For quality of life, non-Europeans reported problems with mobility, self-care tasks and pain more often than Europeans during the twelve-month follow-up period (Figure 4). There were no ethnic differences in reports of difficulties with usual activities or in experiencing anxiety and/or depression at any of the three time points, except for Asian patients who reported more difficulties with usual activities at 3 months (aOR=2·38 (1·23-4·55). There were some ethnic differences in reported health state (EQ-VAS) between European New Zealanders and Pacific and Asian patients (Table 2). However, when comparing non-Europeans with European New Zealanders at each time point there was no difference in reported health state.

Quality of life (EQ-5D-3L) – reporting any problems.

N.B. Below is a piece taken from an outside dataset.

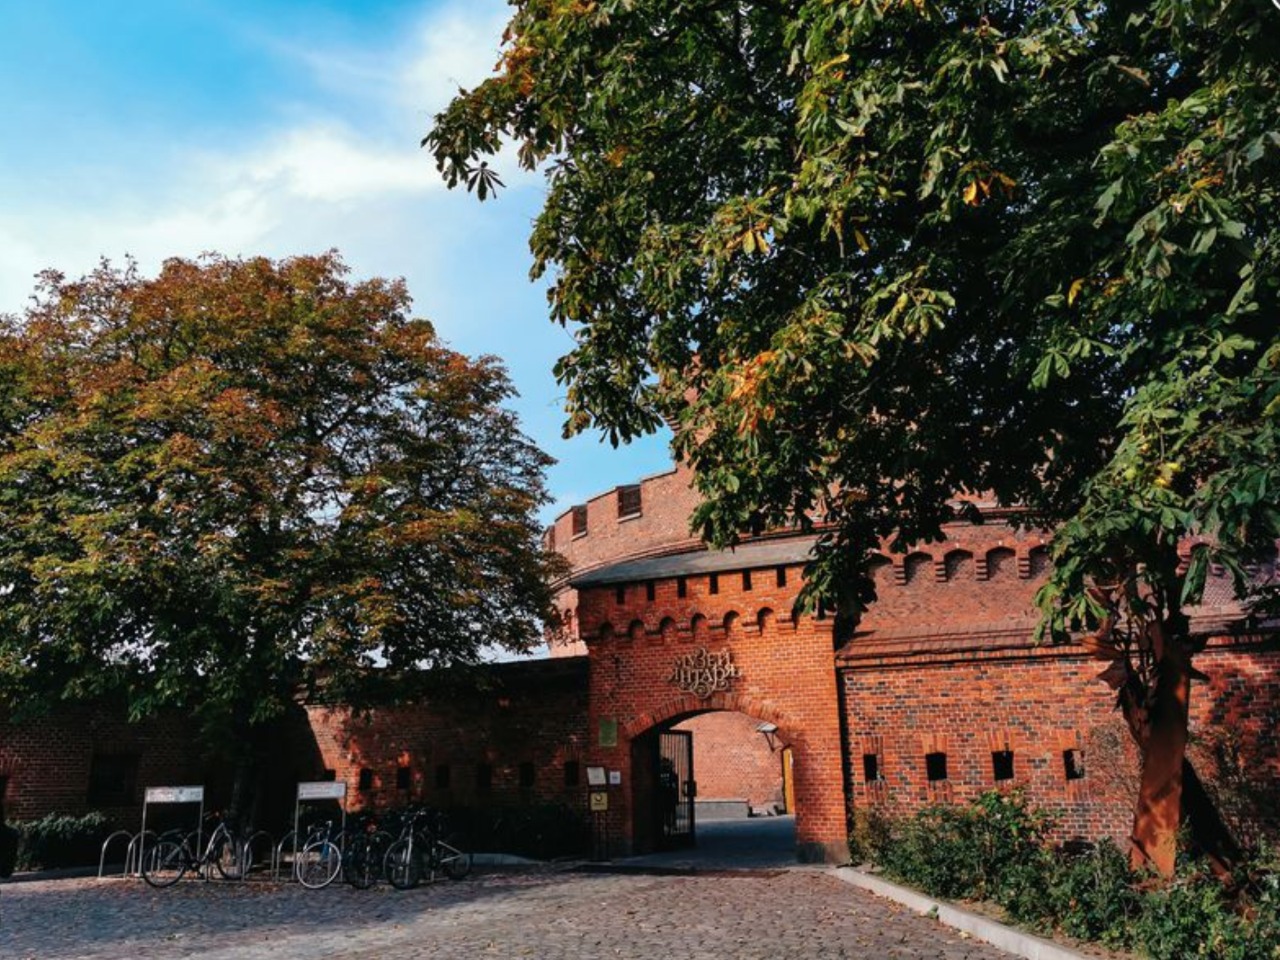 Кёнигсберг: форты и бастионы города-крепости | Цена 981₽, отзывы, описание экскурсии
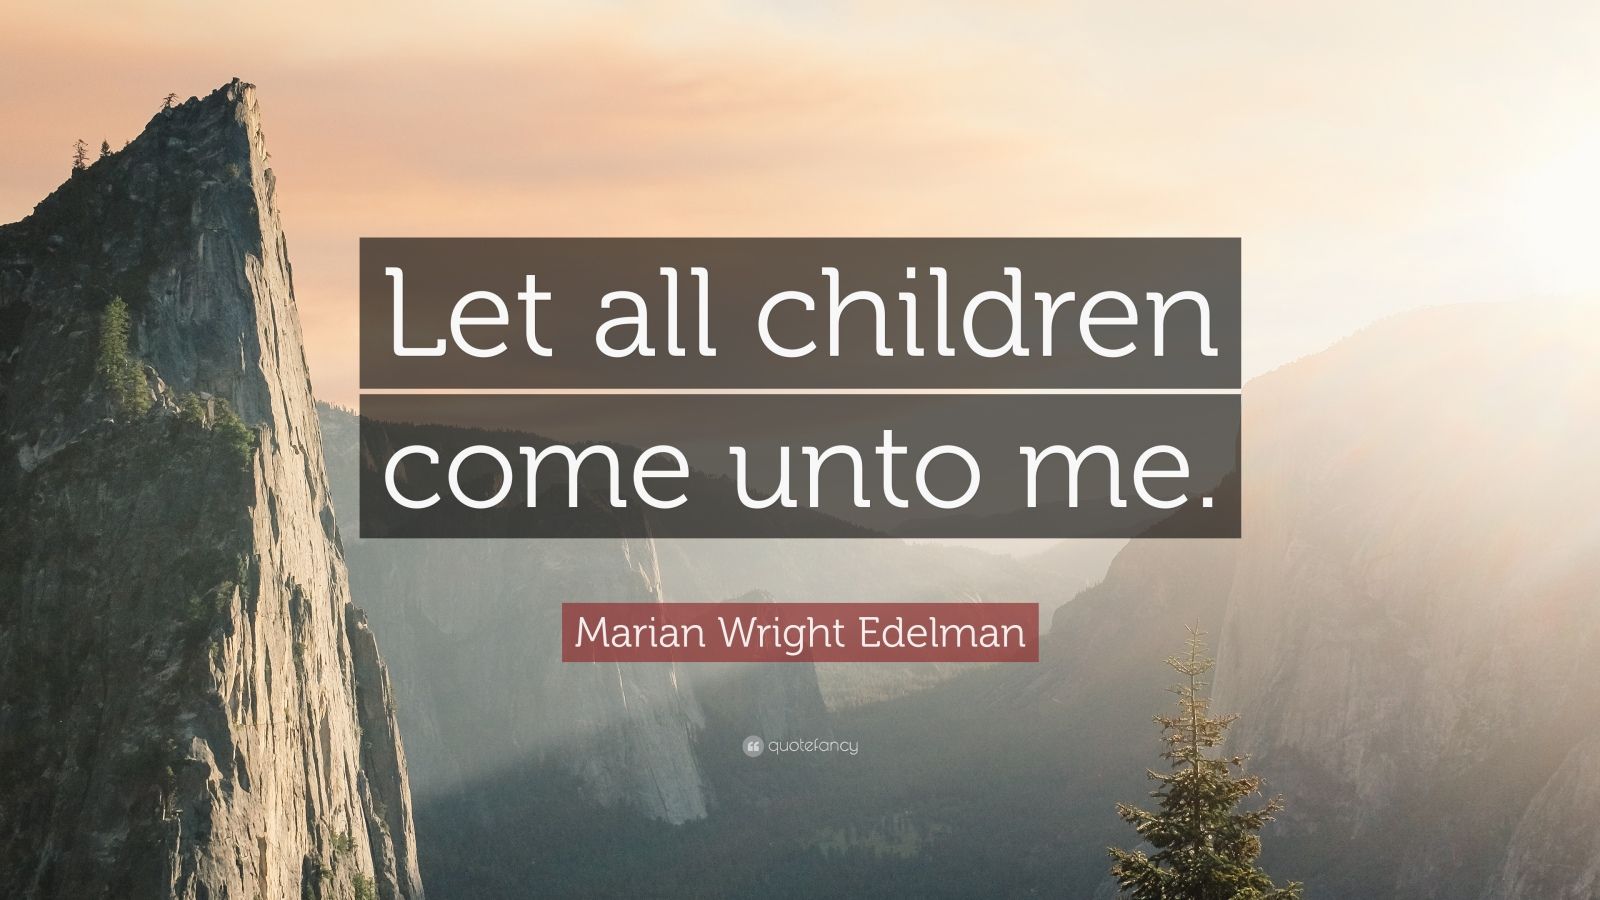 Marian Wright Edelman Quote: "Let all children come unto ...

^†n/N(%): the numerator refers to the number of people who achieved an outcome and the denominator refers to the number of people for whom data was available had data available.

Table 2.

EQ-VAS by ethnicity.

	NZ European	Māori	Pacific	Asian	Other
VAS 3 months Median (IQR)	75 (50-85)	75 (50-85)	76 (50-89)	65 (50-80)^*	75 (50-80)
VAS 6 months Median (IQR)	75 (60-85)	75 (50-80)	50 (47·5-80)^*	75 (50-90)	80 (65-85)
VAS 12 months Median (IQR)	75 (60-85)	75 (55-85)	75 (50-89)	75 (60-90)	80·5 (55-85)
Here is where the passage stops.